Initially, as shown in Fig 4A, the results of the trypan blue exclusion analysis revealed that the number of cells in the G4 group had approximately doubled compared with that counted in the G1 group. The cell viability test was performed under the same conditions as above, yielding similar results (Fig 4B). Next, we tested the effects of rhLIGHT on diverse survival proteins, such as phospho-AKT, AKT, Bcl-xl, and nuclear factor-κB (NF-κB) in rhLIGHT-induced hepatocyte-like cells. Briefly, cell viability and the expression of phospho-AKT, AKT, and Bcl-xl was significantly increased after treatment of hBM-MSC-derived hepatocyte-like cells with rhLIGHT (Fig 4C, G4 group). Moreover, rhLIGHT-induced IκB-α degradation activated NF-κB signaling in these cells (Fig 4C).
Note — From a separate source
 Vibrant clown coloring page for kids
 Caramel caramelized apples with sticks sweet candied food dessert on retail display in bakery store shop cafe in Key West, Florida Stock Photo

Cells were stimulated with 0 ng/ml and 50 ng/ml rhLIGHT for 21 days (G1 and G4 groups, respectively). Subsequently, we investigated the properties of hepatocyte-like cells derived from hBM-MSCs after treatment with rhLIGHT in vitro. Our results showed that rhLIGHT enhanced the differentiation of hBM-MSCs into functional hepatocyte-like cells. (A) Viable cells were counted through trypan blue exclusion assay in the G1 and G4 groups. (B) Cell viability in the G1 and G4 groups, as determined by the MTS assay. (C) Expression of survival proteins and anti-apoptotic proteins in the G1 and G4 groups, as determined by western blotting analysis. (D) Cell proliferation in the G1 and G4 groups, as determined by BrdU assay. (E) Cell cycle distribution in the G1 and G4 groups, as determined by the PI/RNase assay. (F, G) Expression of cell cycle-related proteins in the G1 and G4 groups, as determined by western blotting analysis. The membrane was stripped and reprobed with an anti-β-actin mAb to confirm equal loading. Data represent the mean ± SEM. *Significantly different from control cells; ***, P < 0.001.
Additionally, proliferation and cell cycle distribution assays were performed under the same conditions as above, producing consistent results (Fig 4D and 4E). Thus, rhLIGHT increased cell proliferation by increasing the S/G2/M phase in hBM-MSC-derived hepatocyte-like cells (Fig 4D and 4E, G4 group). The levels of cell cycle-related proteins (e.g., cyclin B1, cyclin D3, and cyclin E, and CDK1, CDK2, CDK4, and CDK6) were enhanced by rhLIGHT in hBM-MSC-derived hepatocyte-like cells (Fig 4G, G4 group). Consequently, these results indicated that LIGHT enhances cell survival and proliferation in rhLIGHT-induced hepatocyte-like cells via LTβR (Fig 4, G4 group).
LIGHT activated the STAT3 and STAT5 pathways in hBM-MSC-derived hepatocyte-like cells
The diverse role of STAT3 in liver regeneration (i.e., survival, proliferation, DNA synthesis, inflammatory response, and liver mass recovery) has been demonstrated [37]. Okumura et al. showed that STAT5 activation is required for the differentiation of human-induced pluripotent stem cells (PSCs) into hepatocytes. Additionally, these findings suggest that sustained activation of STAT5 is important for the maturation of hepatocytes [38]. Based on these results, we investigated whether STAT3 and STAT5 signaling pathways are involved in the differentiation and division of hBM-MSC-derived hepatocyte-like cells after treatment with rhLIGHT. The findings revealed that STAT3 and STAT5 were strongly activated in the differentiation and division of hepatocyte-like cells following stimulation by LIGHT (Fig 5A and 5B).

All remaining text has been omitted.